[Data shown — start]

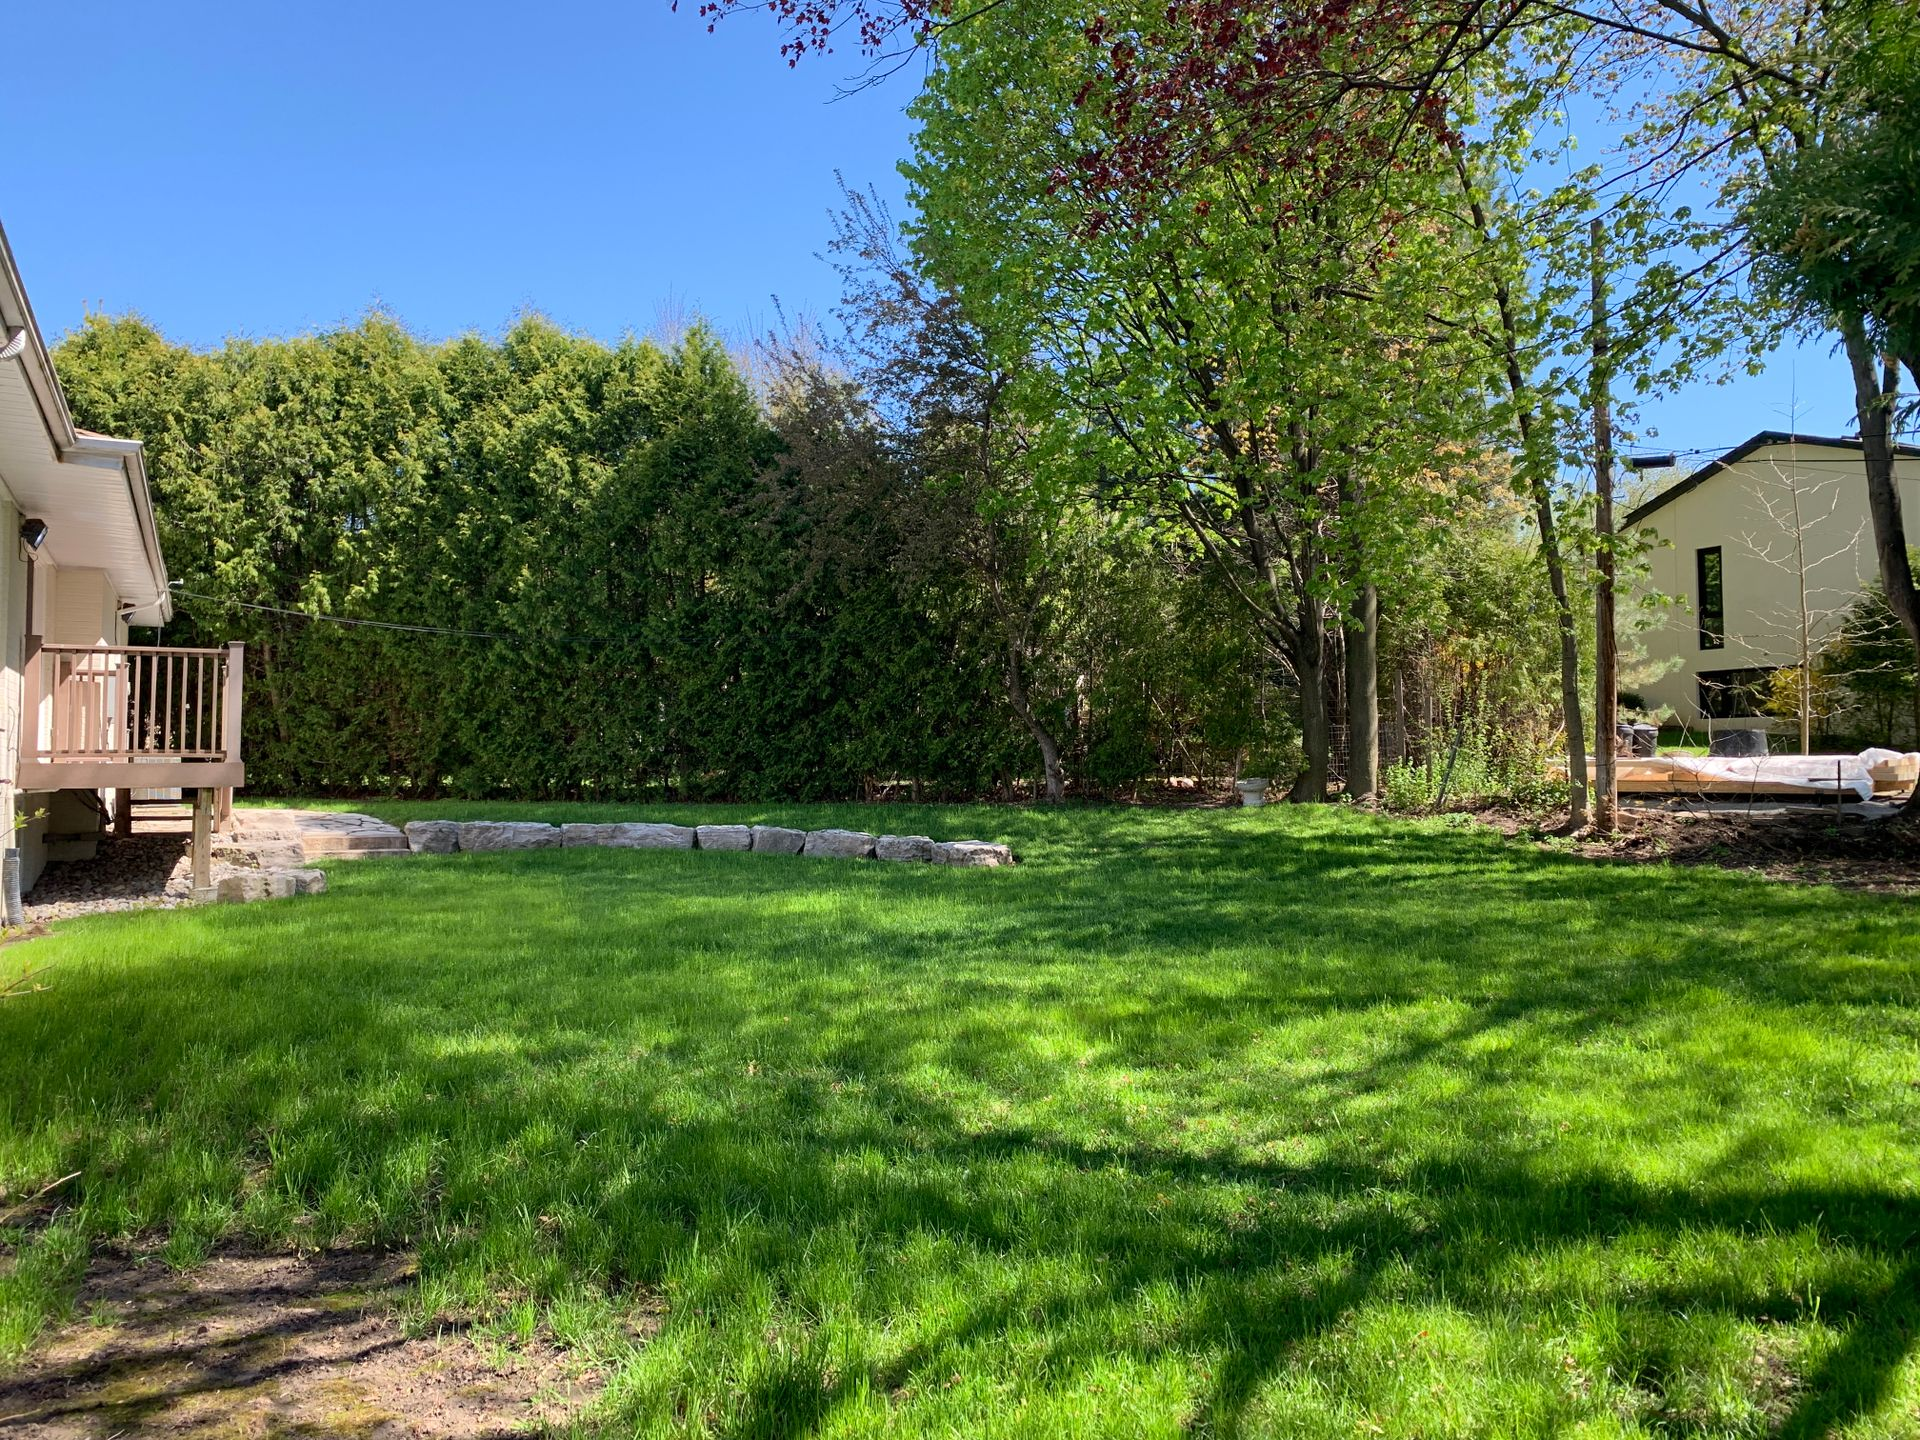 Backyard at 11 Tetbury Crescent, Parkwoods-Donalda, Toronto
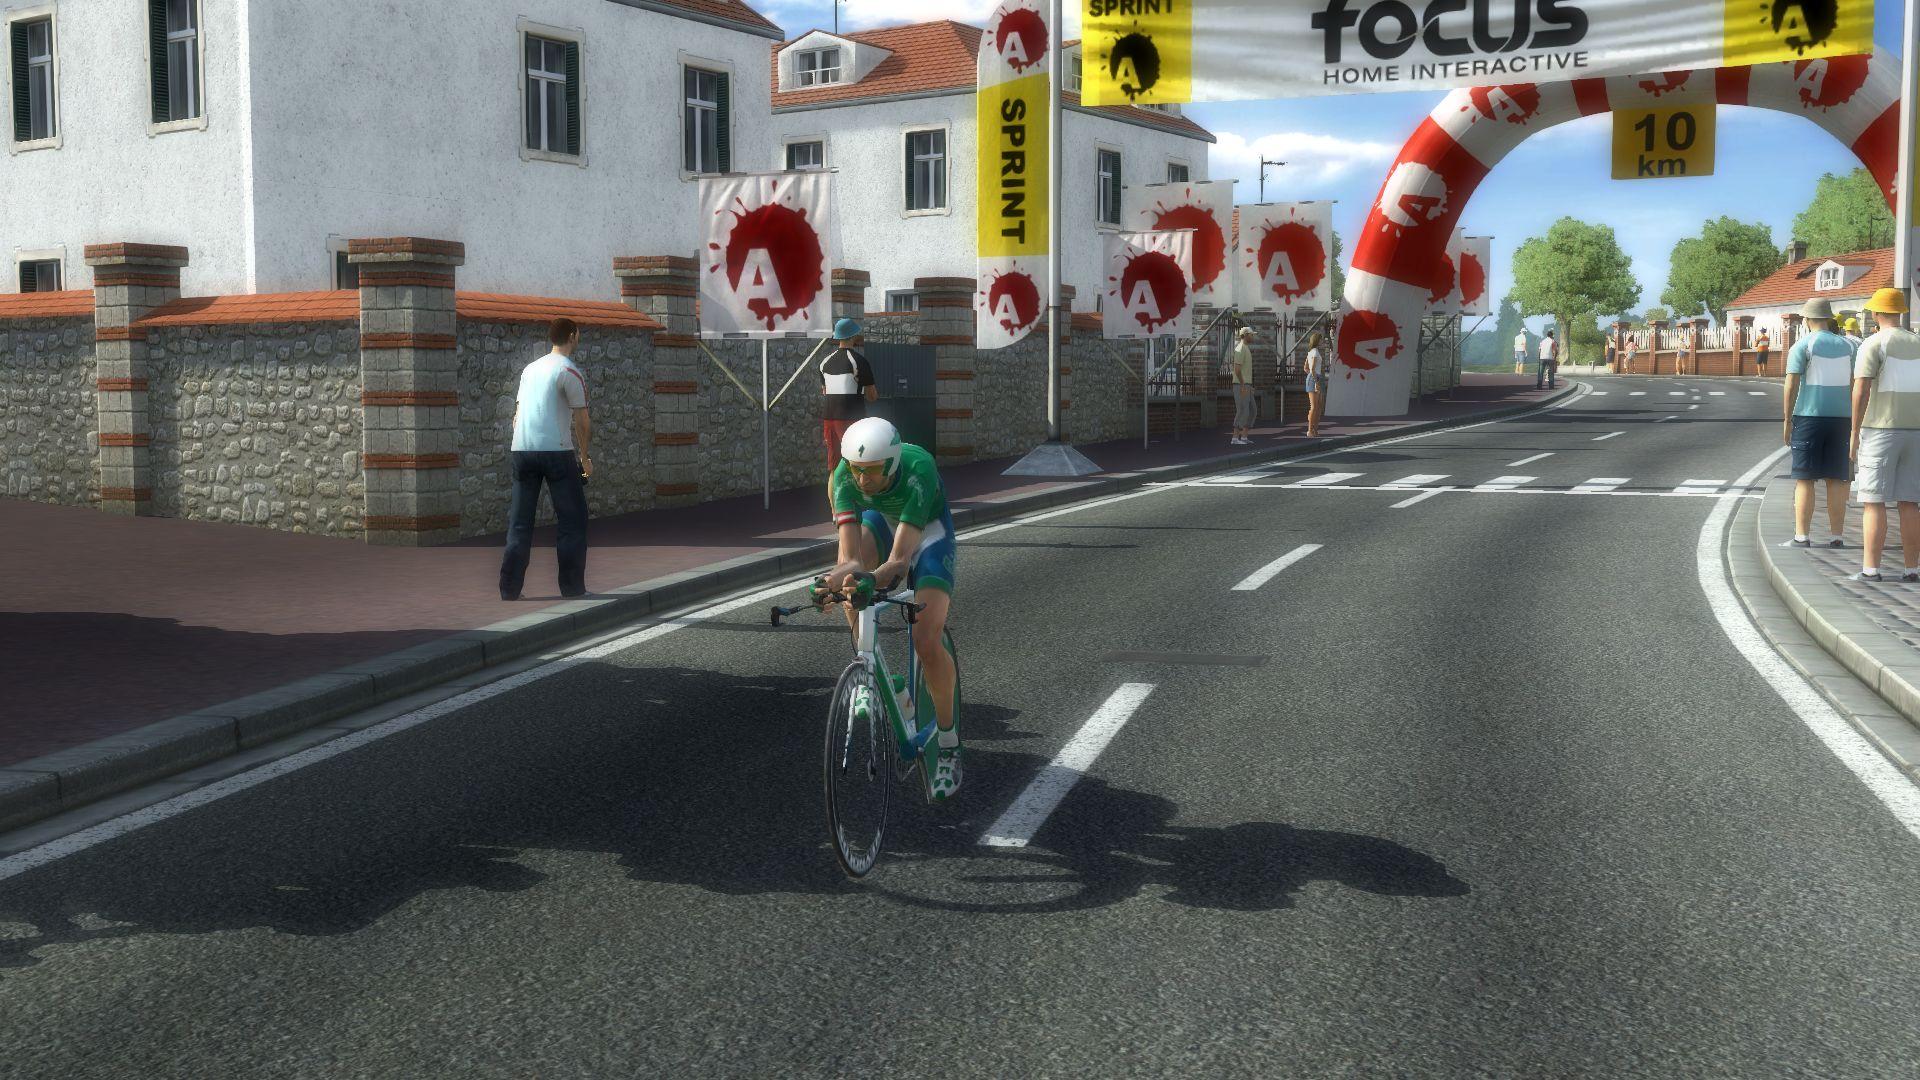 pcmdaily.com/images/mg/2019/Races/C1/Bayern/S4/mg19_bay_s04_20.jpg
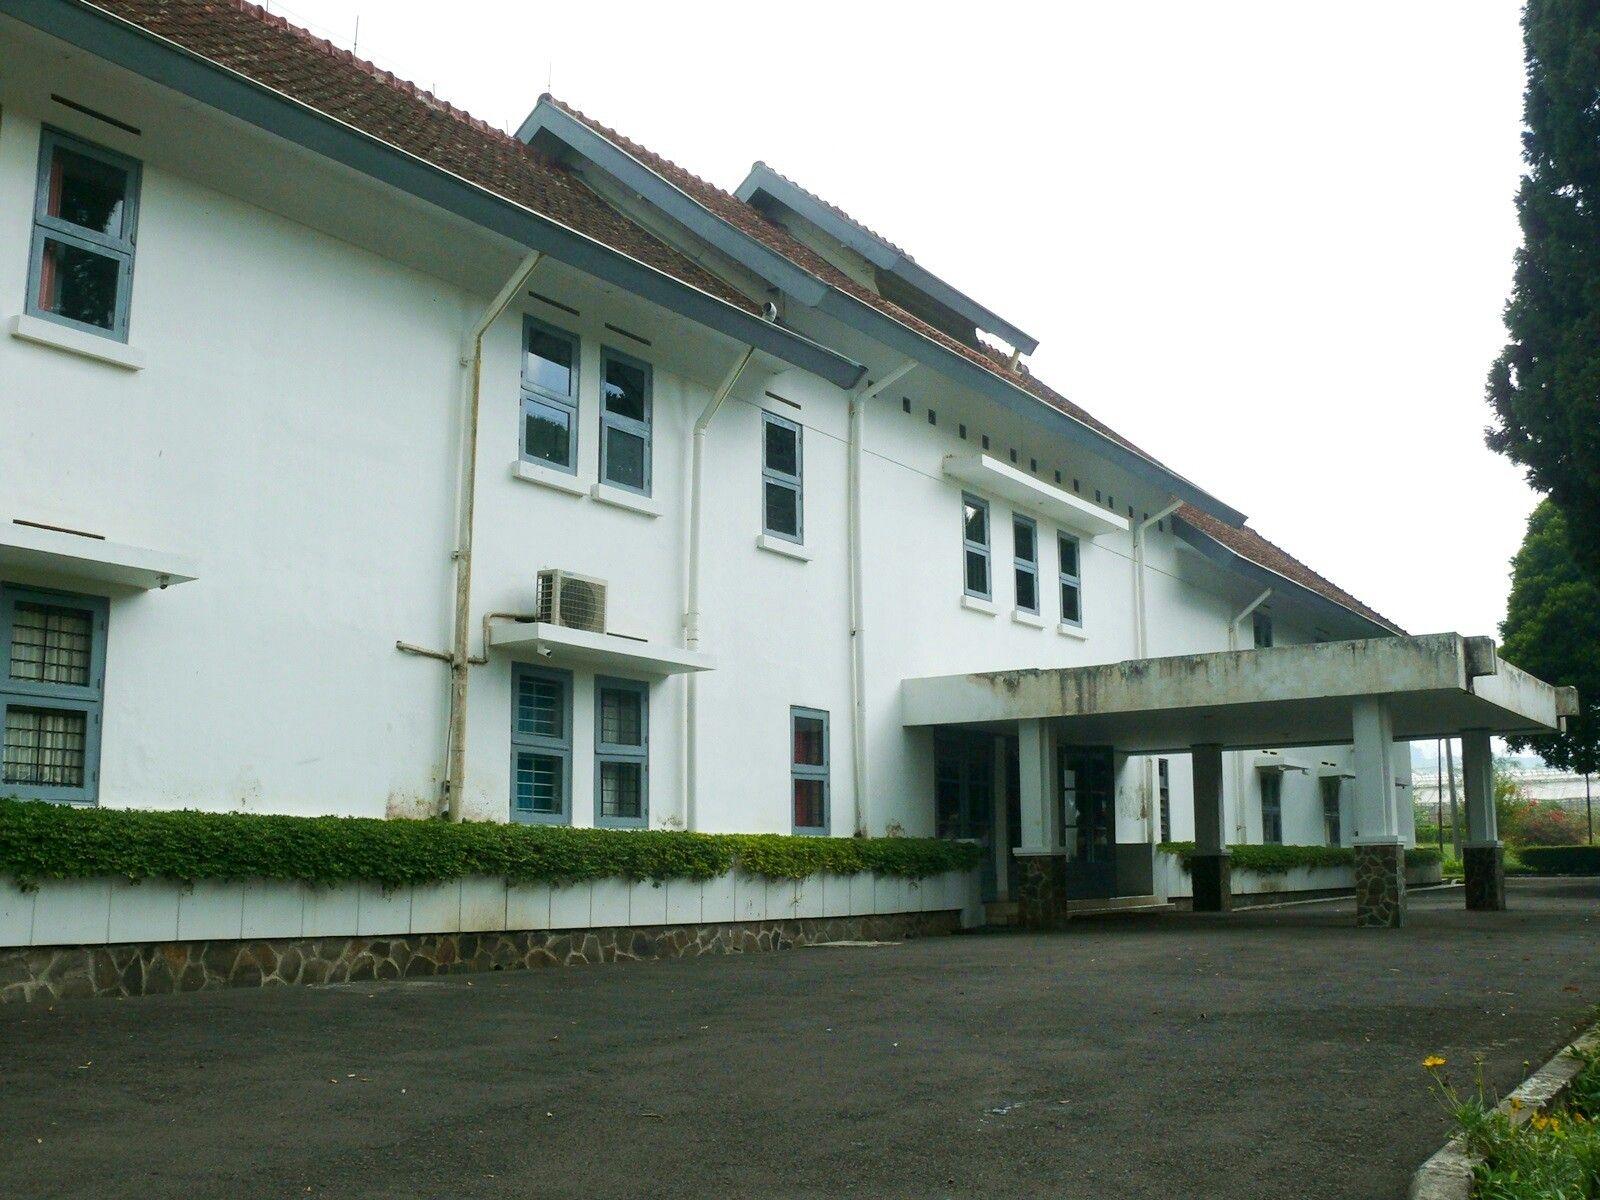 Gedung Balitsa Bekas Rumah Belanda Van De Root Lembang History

[Data shown — finish]

What needs to be done – Without the pictures, repeat the listing word for word.

Task solution –
 Backyard at 11 Tetbury Crescent, Parkwoods-Donalda, Toronto
 pcmdaily.com/images/mg/2019/Races/C1/Bayern/S4/mg19_bay_s04_20.jpg
 Gedung Balitsa Bekas Rumah Belanda Van De Root Lembang History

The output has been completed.